▶ **Source data**:
§

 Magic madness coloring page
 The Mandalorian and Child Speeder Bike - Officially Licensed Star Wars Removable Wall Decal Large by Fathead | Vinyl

§

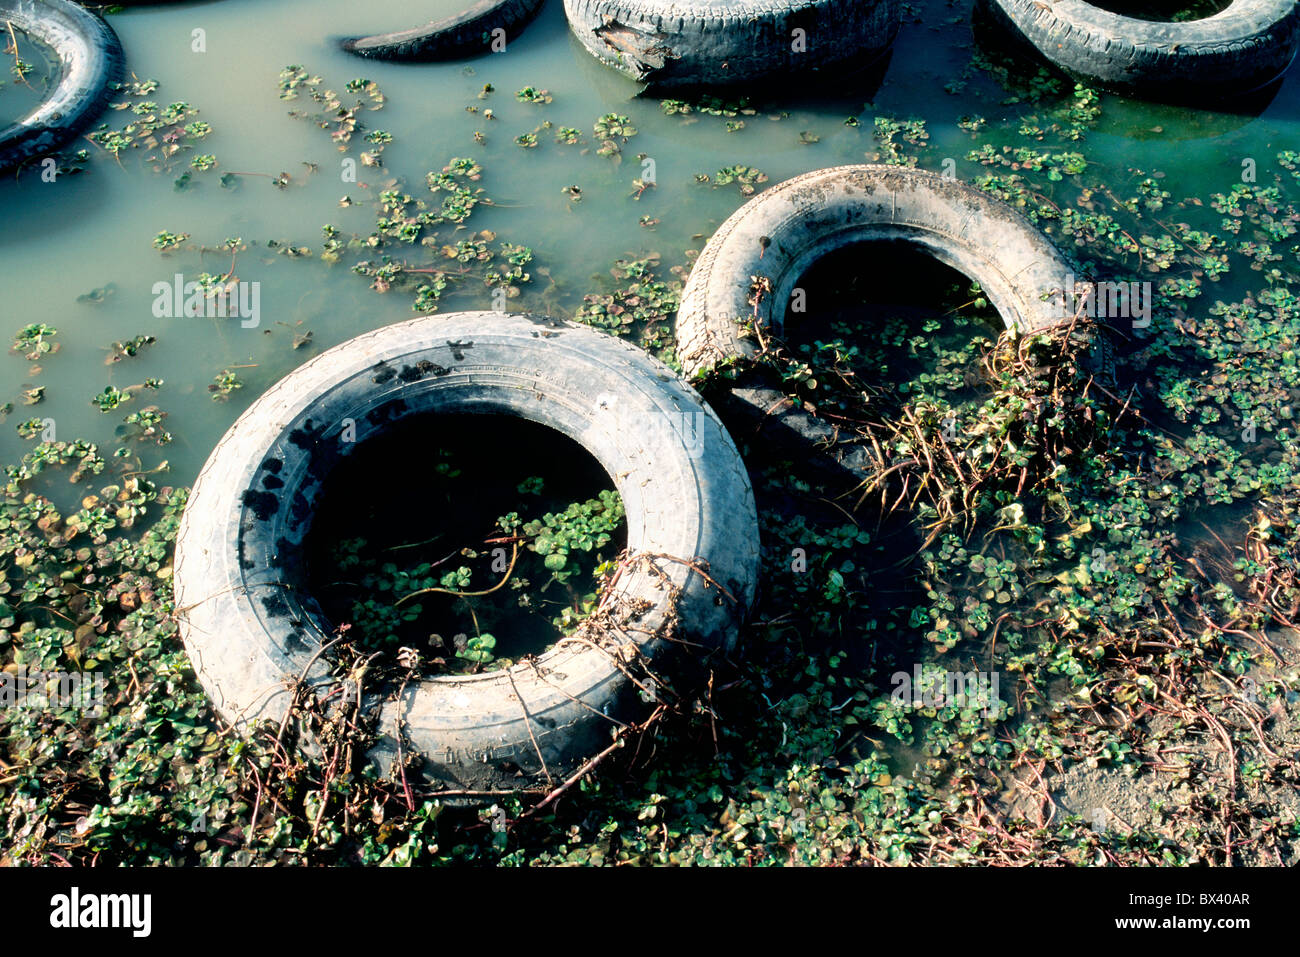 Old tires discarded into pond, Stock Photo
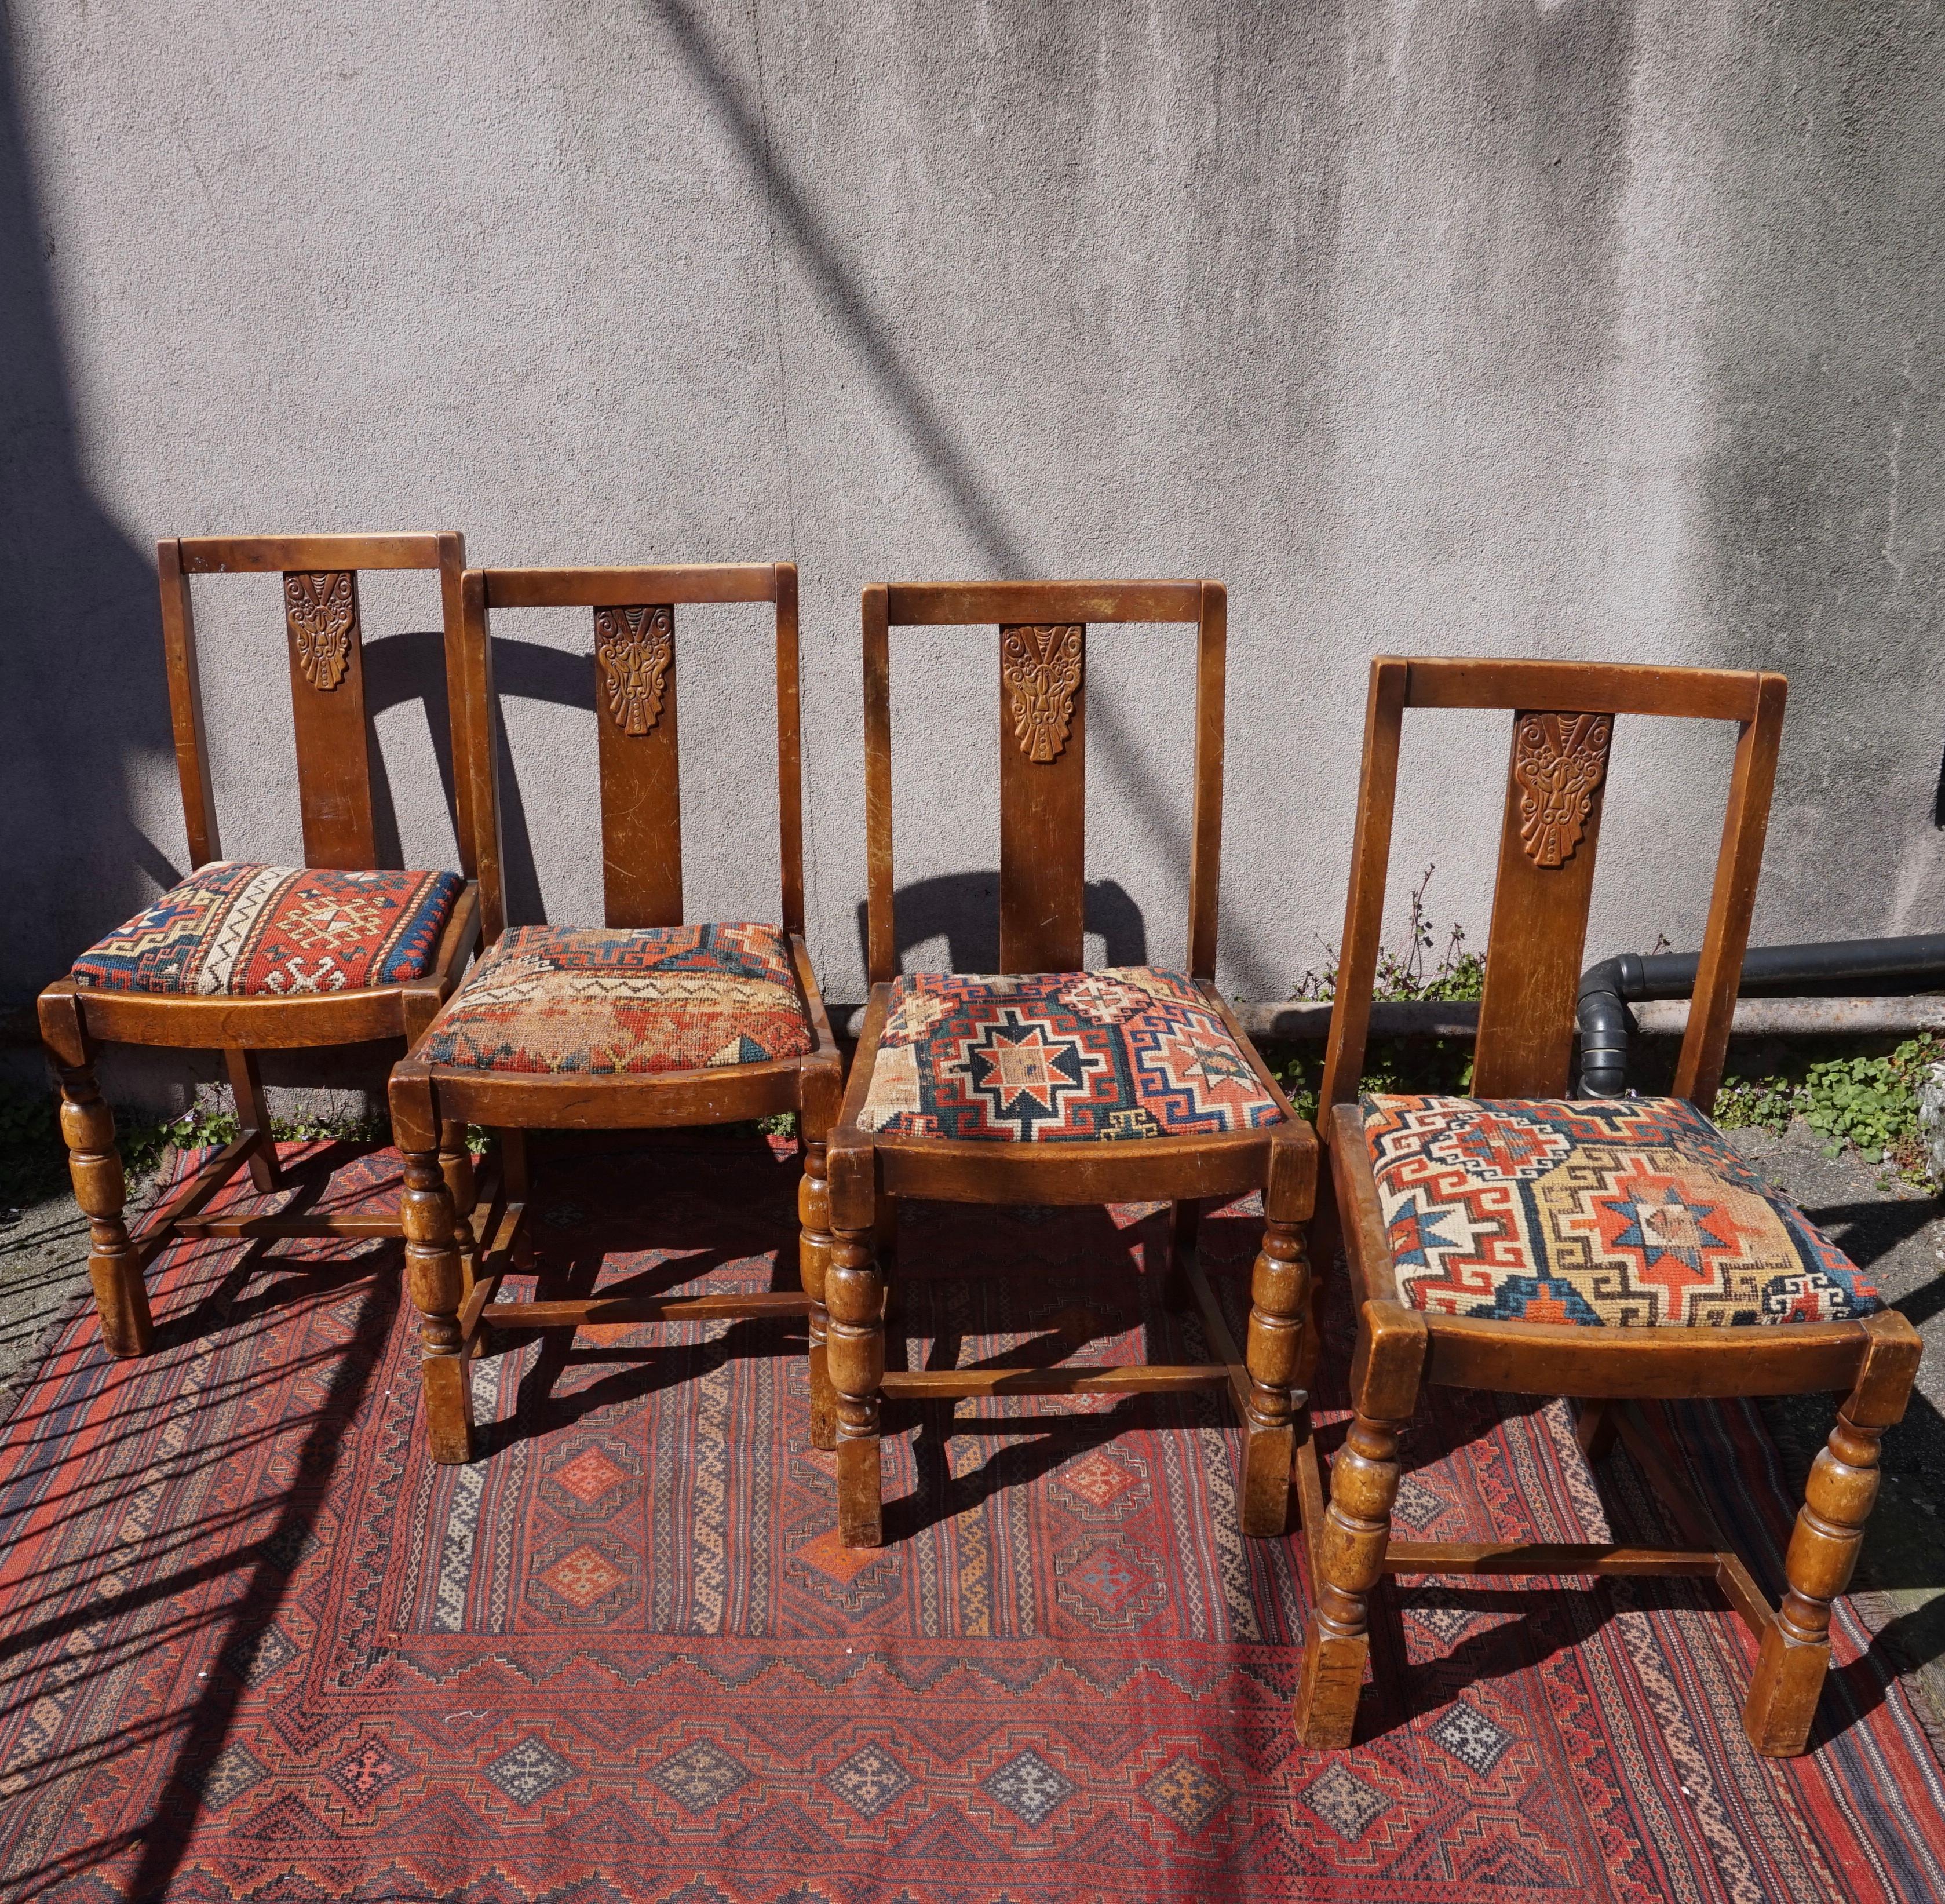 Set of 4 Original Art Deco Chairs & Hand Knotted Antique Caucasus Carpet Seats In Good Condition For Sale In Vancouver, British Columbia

§

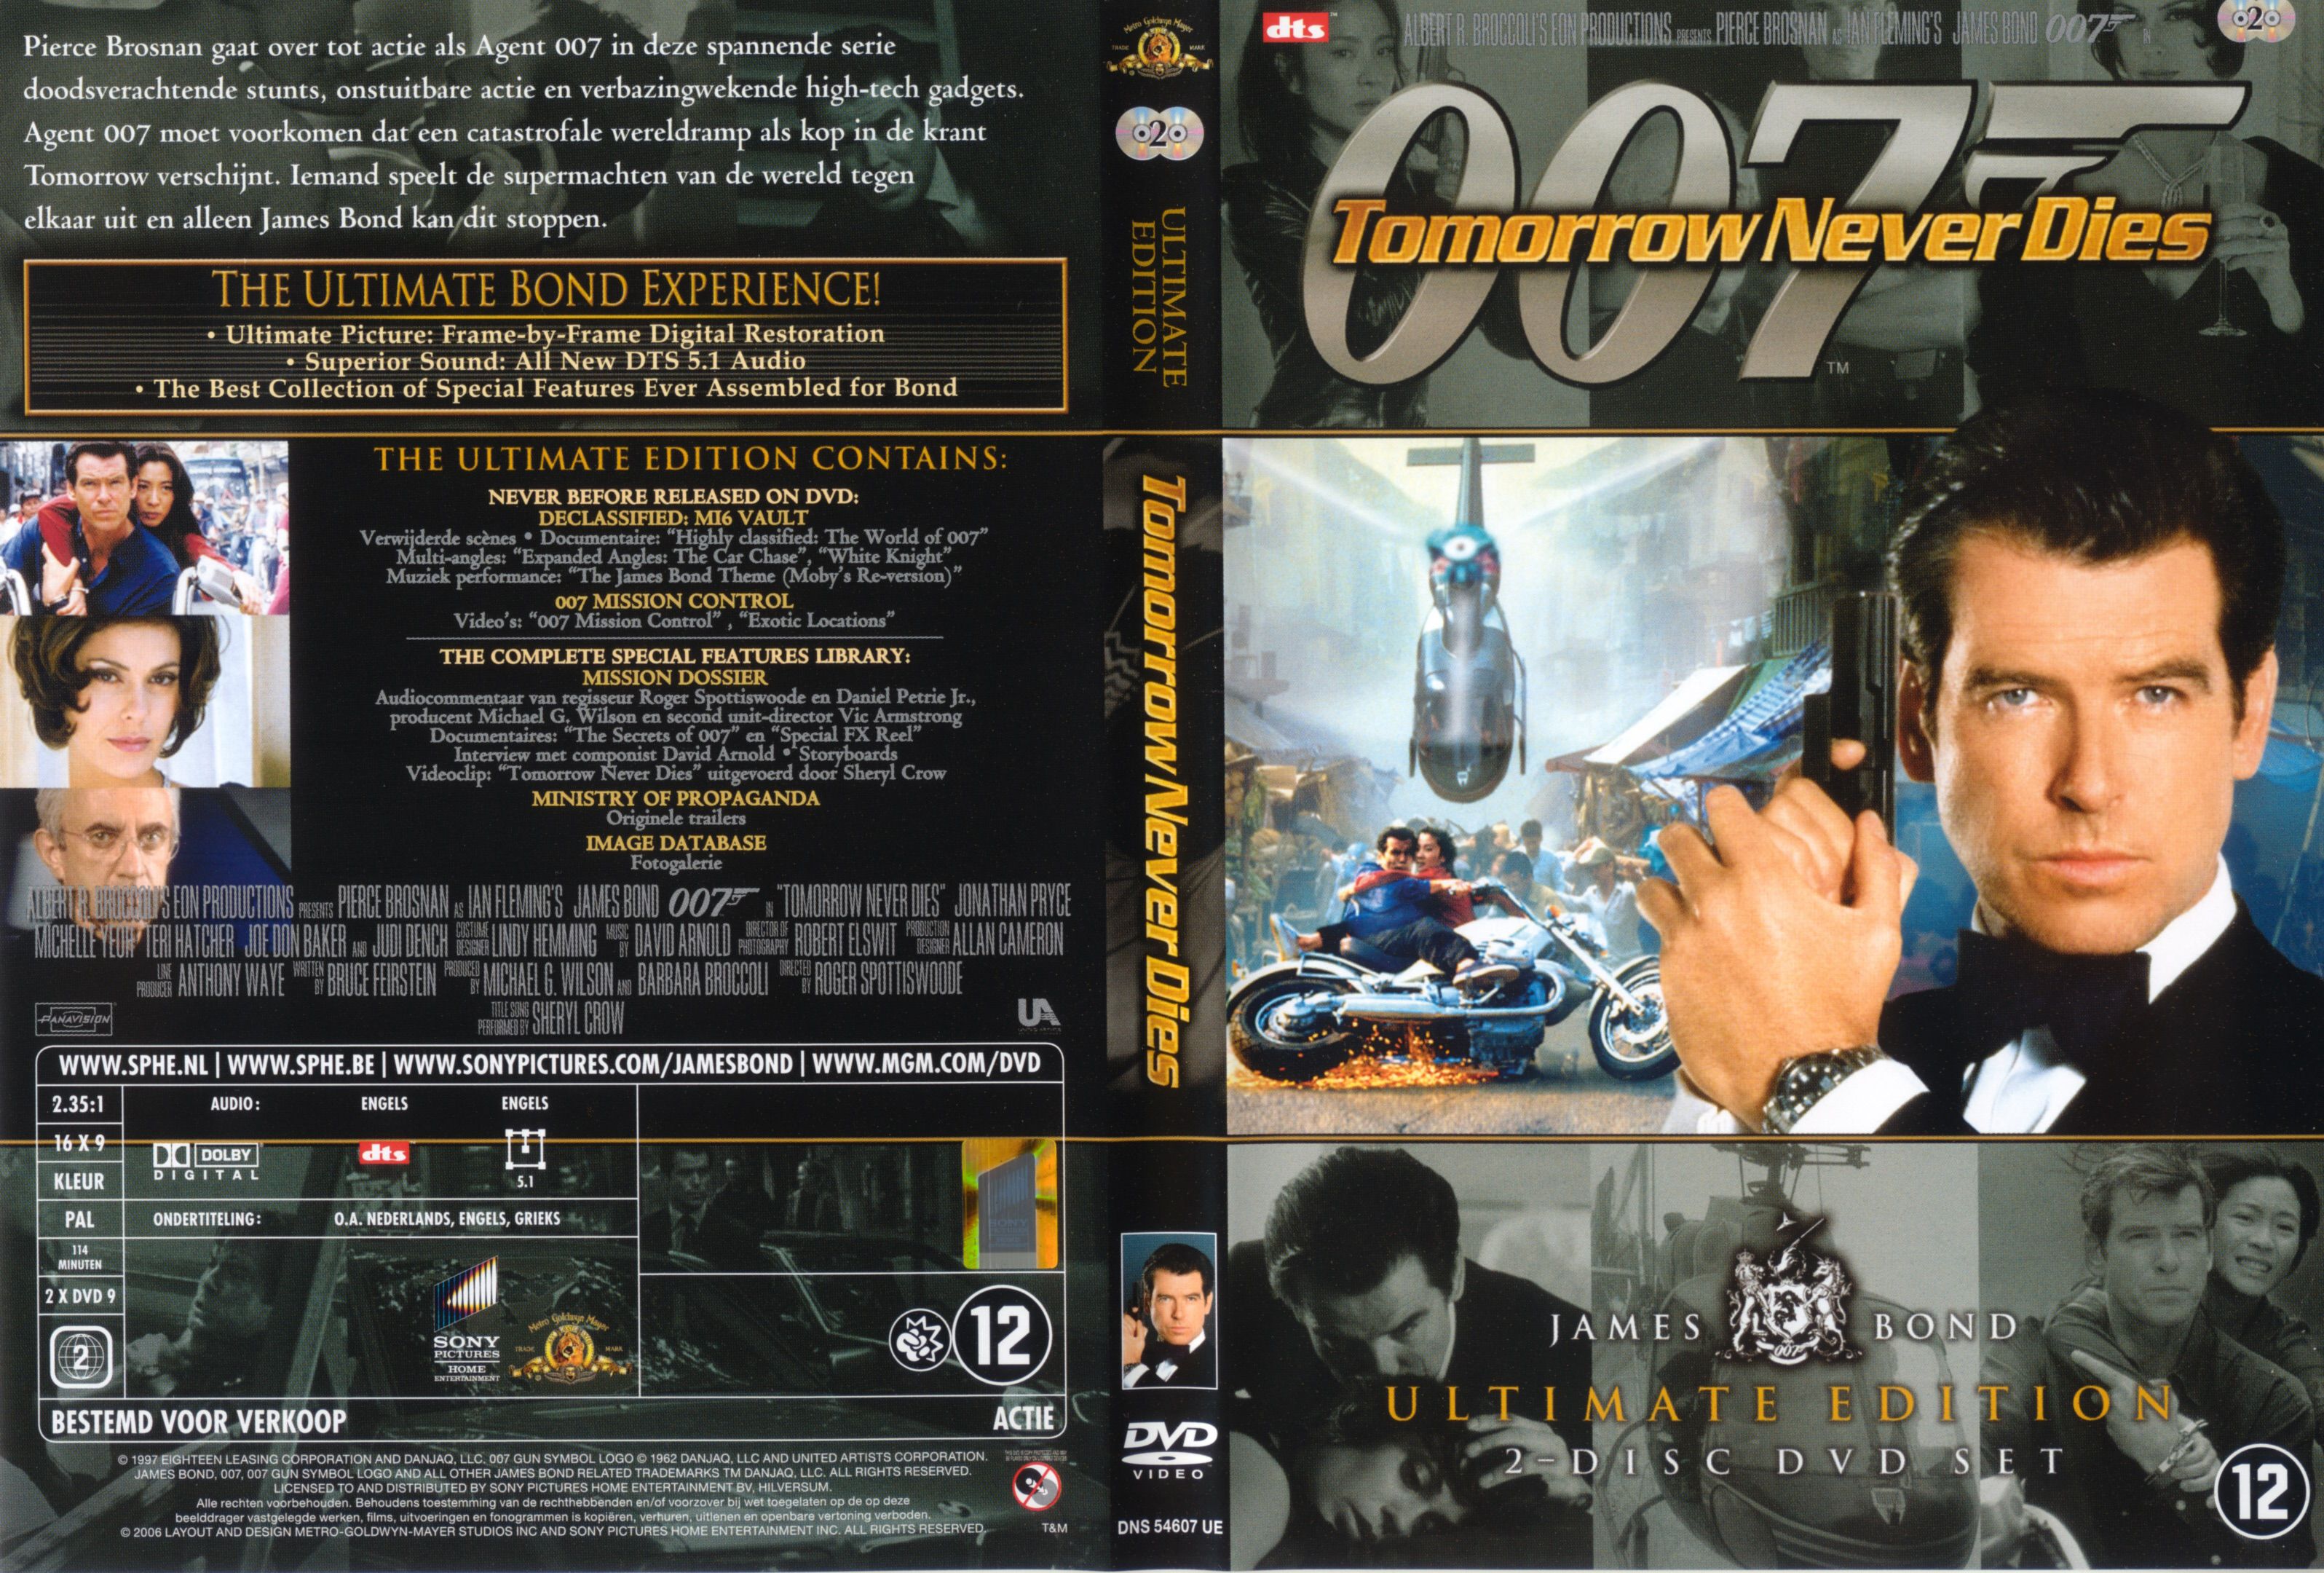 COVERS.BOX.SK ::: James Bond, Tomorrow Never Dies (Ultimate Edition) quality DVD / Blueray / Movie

§

▶ **Assignment**:
From the records above, give again exactly the lines running from the line with "Magic madness coloring page" to the line with "The Mandalorian and", inclusive.

▶ **Problem solution**:
 Magic madness coloring page
 The Mandalorian and Child Speeder Bike - Officially Licensed Star Wars Removable Wall Decal Large by Fathead | Vinyl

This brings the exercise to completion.